In the patch (D40575) this is
return (1000 -
((info.free_pages * 1000) / (1 << order) / info.free_blocks));
but notice that free_pages and free_blocks don't depend on order, they
are computed across all free list entries, of all orders, and are the
same for a calculation for any order. So for example we could solve for
the average free list entry size by taking the value from order of 0:
index_0 = 1000 - 1000 / 1 * free_pages / free_blocks
avg_pages = free_pages / free_blocks = -(index_0 - 1000) / 1000
and from that you can calculate all the other values. Or just display
it directly. I'd suggest try plotting log2(avg_pages).
In other words, I think just considering one value per time point is
simpler and doesn't lose any information.

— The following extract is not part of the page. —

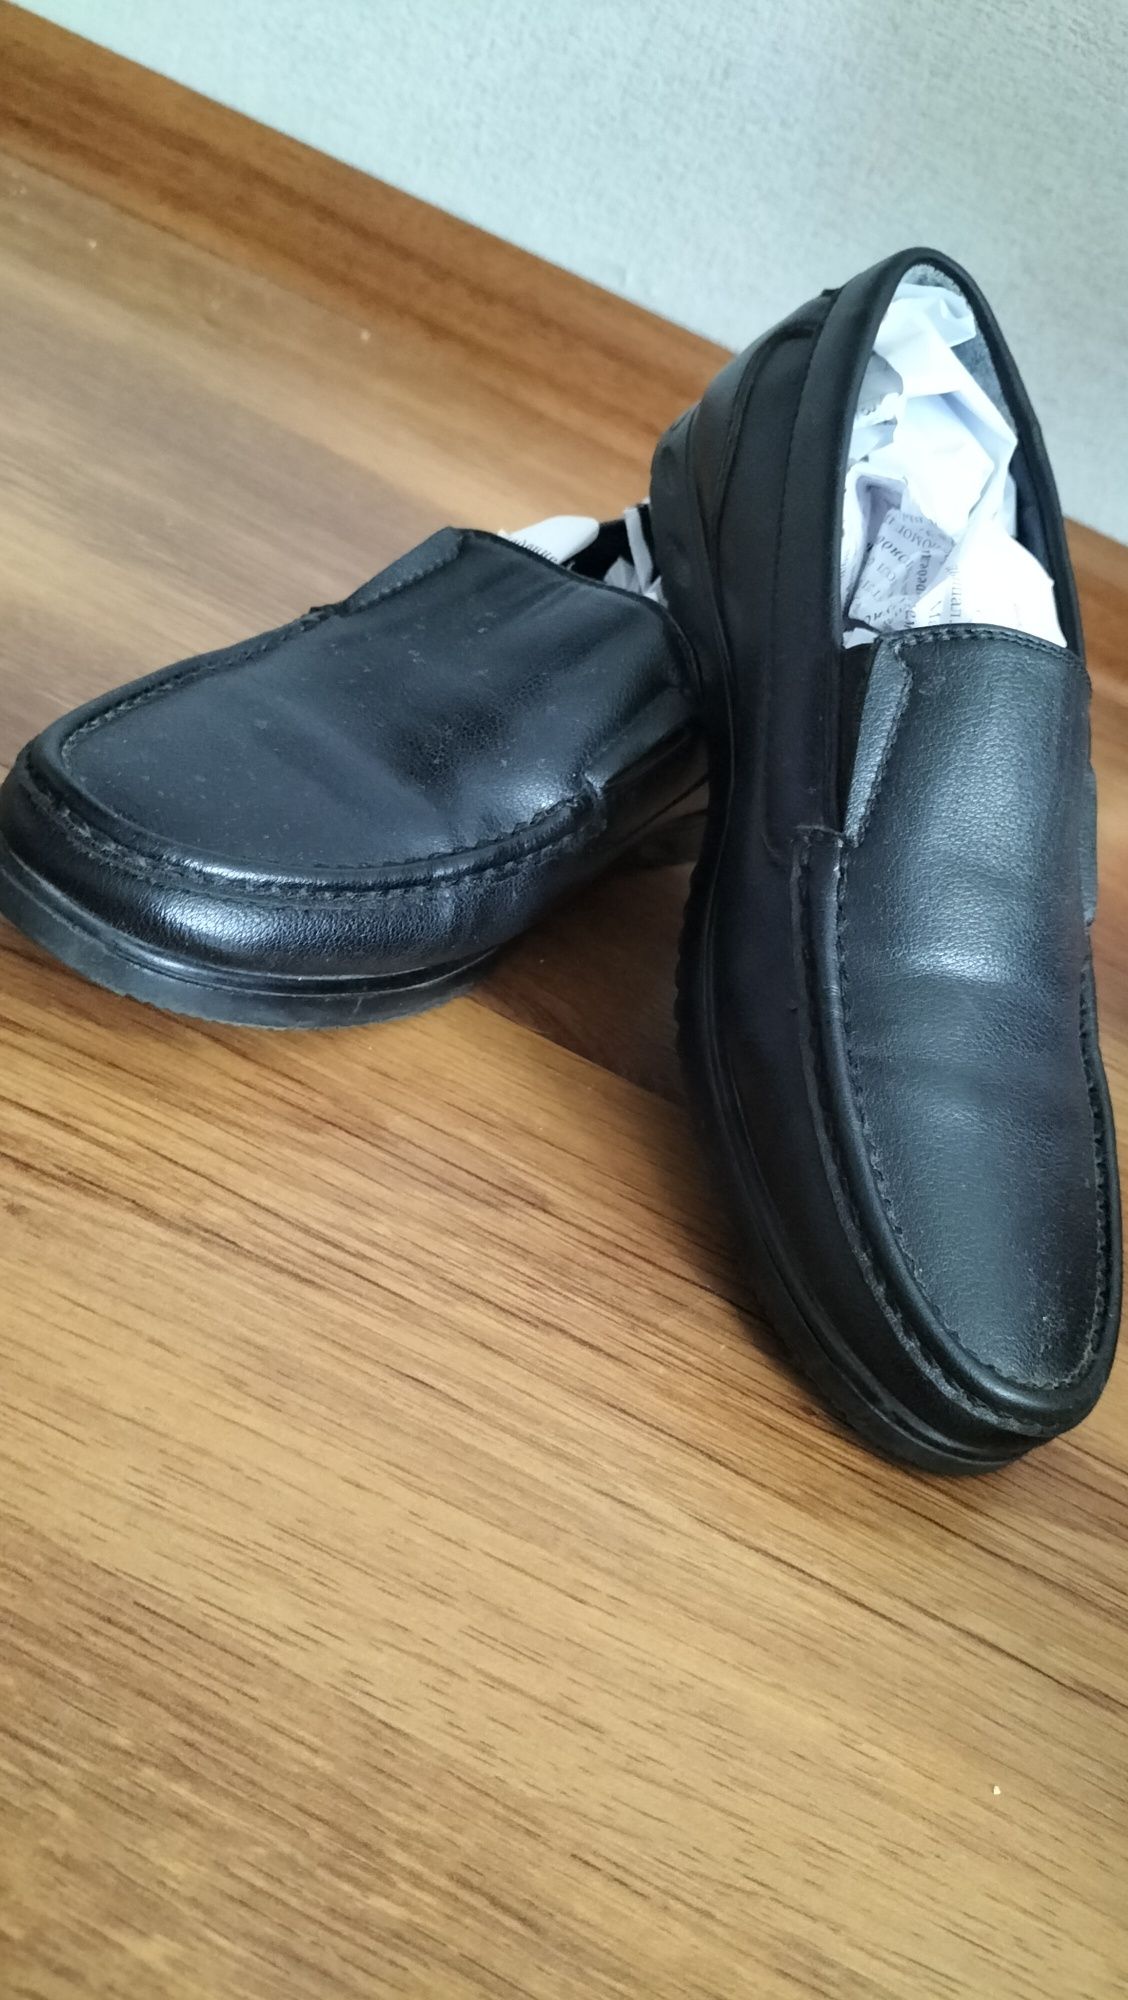 Обувь макаси, черного цвета

> > The paper that defines this fragmentation index also says that "the
> > fragmentation index is only meaningful when an allocation fails". Are
> > you actually seeing any contiguous allocations failures in your
> > measurements?
>
> I'm not aware of such.
> The index may only be meaningful for the purposes of the goal of the
> paper when there are such failures, but if you look at the graph and how
> it changed when Bojan changed the guard pages, I see value in the graph
> for more than what the paper suggests.
>
> > Without that context, it seems like what the proposed sysctl reports
> > is indirectly just the average size of free list entries. We could
> > just report that.
>
> The calculation of the value is part of a bigger picture. The value
> returned is used by some other code to make decisions.
>
> Bye,
> Alexander.
>
> --
> http://www.Leidinger.net Alexander@Leidinger.net: PGP 0x8F31830F9F2772BF
> http://www.FreeBSD.org netchild@FreeBSD.org : PGP 0x8F31830F9F2772BF
Okay I see that D40772 uses it, but always passes order=9, and compares
it with threshold=300. Rearranging, it asks if the average free list
entry size is at least 1.4 MiB.
Personally I'd prefer to consider values that are easy to interpret
rather than an arbitrary index value.
Ryan